Fue sin previo aviso. La última banda estaba terminando de saludar al público cuando se escuchó una tremenda explosión y templo el suelo. El susto que me di, teniendo en cuenta la situación actual en la que se encuentra Europa, no tiene nombre.

Pero duro poco, ya que enseguida el despejado cielo nocturno se ilumino con una lluvia de colores.

Fue un final digno de un día algo extraño, pero sin duda difícil de olvidar.

Un día para conocer

Ya teníamos los pasajes comprados para seguir camino hasta Kazan a bordo del Tren Transiberiano, lo que significaba que nos quedaba sólo un día para recorrer Ekaterimburgo. Por suerte, el día anterior ya habíamos caminado bastante.

¿Recuerdan que les contábamos que Ekaterimburgo era famoso porque allí fue donde mataron al último Zar de Rusia junto a toda su familia? Bueno, si bien la casa donde sucedió fue destruida en 1977, en el año 2000 fue aprobado el proyecto para la construcción de una iglesia en el lugar.

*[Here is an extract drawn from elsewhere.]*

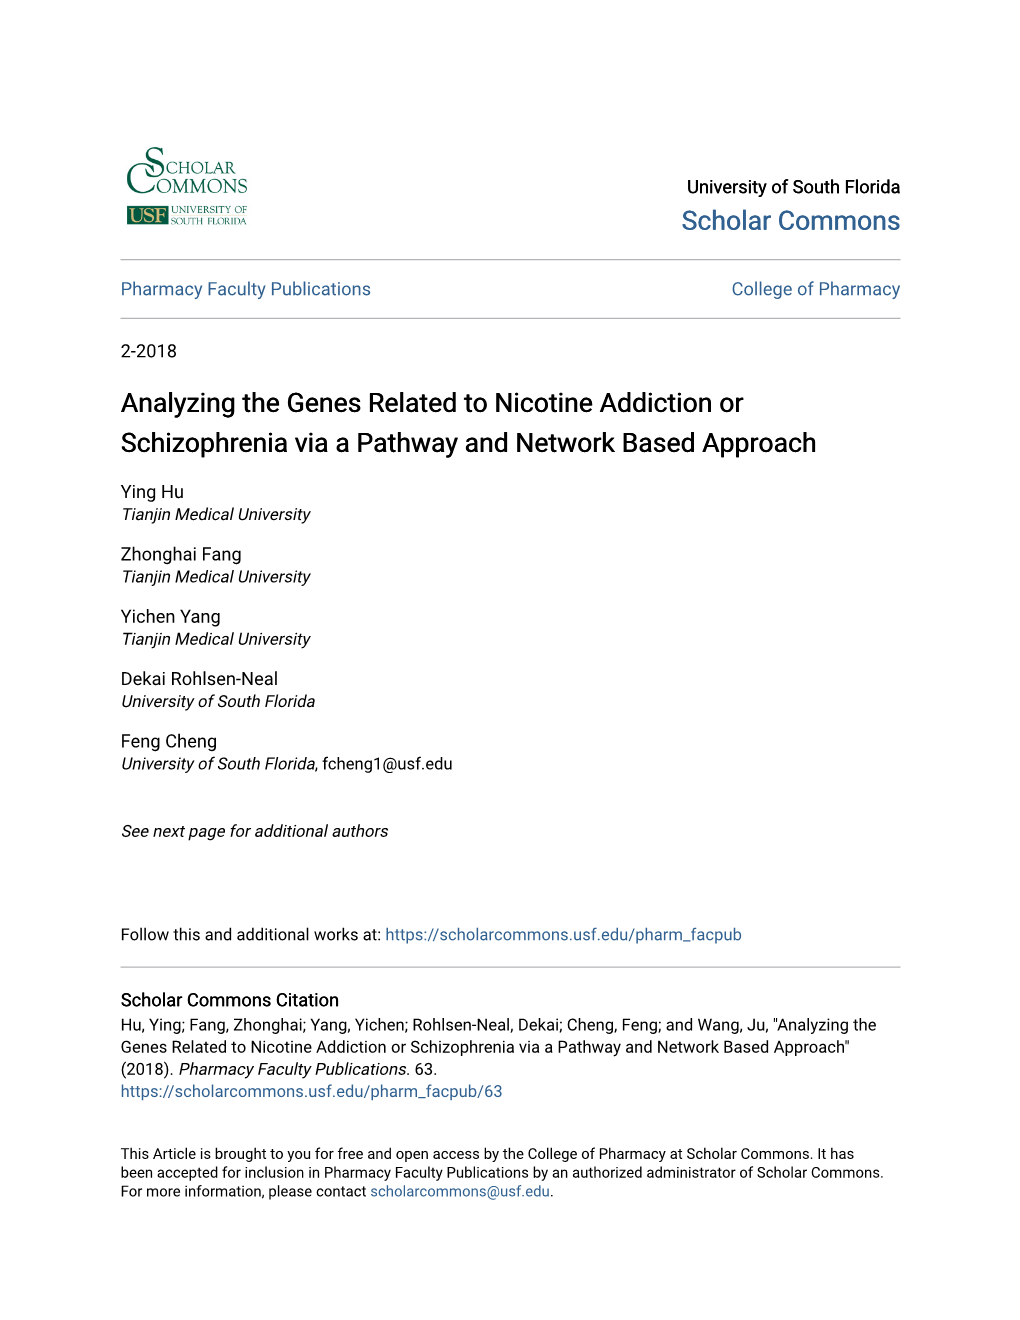 Analyzing the Genes Related to Nicotine Addiction Or Schizophrenia Via a Pathway and Network Based Approach

En el año 2003 se inauguraba la Iglesia en la Sangre, en honor al Zar Nicolás II y su familia. Allí fuimos a conocerla.

Desde allí empezamos a seguir una línea roja que se encontraba pintada en el suelo llamada Red Trail que avanza por Ekaterimburgo pasando por los principales atractivos turísticos.

Plazas, monumentos e iglesias se repetían constantemente en nuestra caminata.

El resto del día lo pasamos como nos gusta. Explorando, caminando, sentándonos a descansar y a leer, a pesar del clima que parecía no querer mejorar.

Ekaterimburgo resulto ser, tal como habíamos percibido desde el principio, una singular mezcla de arquitectura soviética y antigua, con iglesias y catedrales que evocan el fanatismo religioso característico de Rusia, con palacetes del Siglo XIX que recuerdan el pasado aristocrático del país y con los gigantescos bloques de edificios de claro carácter soviético.

Nuestro breve paso por Ekaterimburgo nos dejó con la profunda sensación de que nos íbamos conociendo mucho más sobre Rusia que cuando llegamos. Fueron ésta vez las experiencias que vivimos en la ciudad, más que la ciudad en sí misma, lo que logro tocar una profunda fibra en nuestro ser.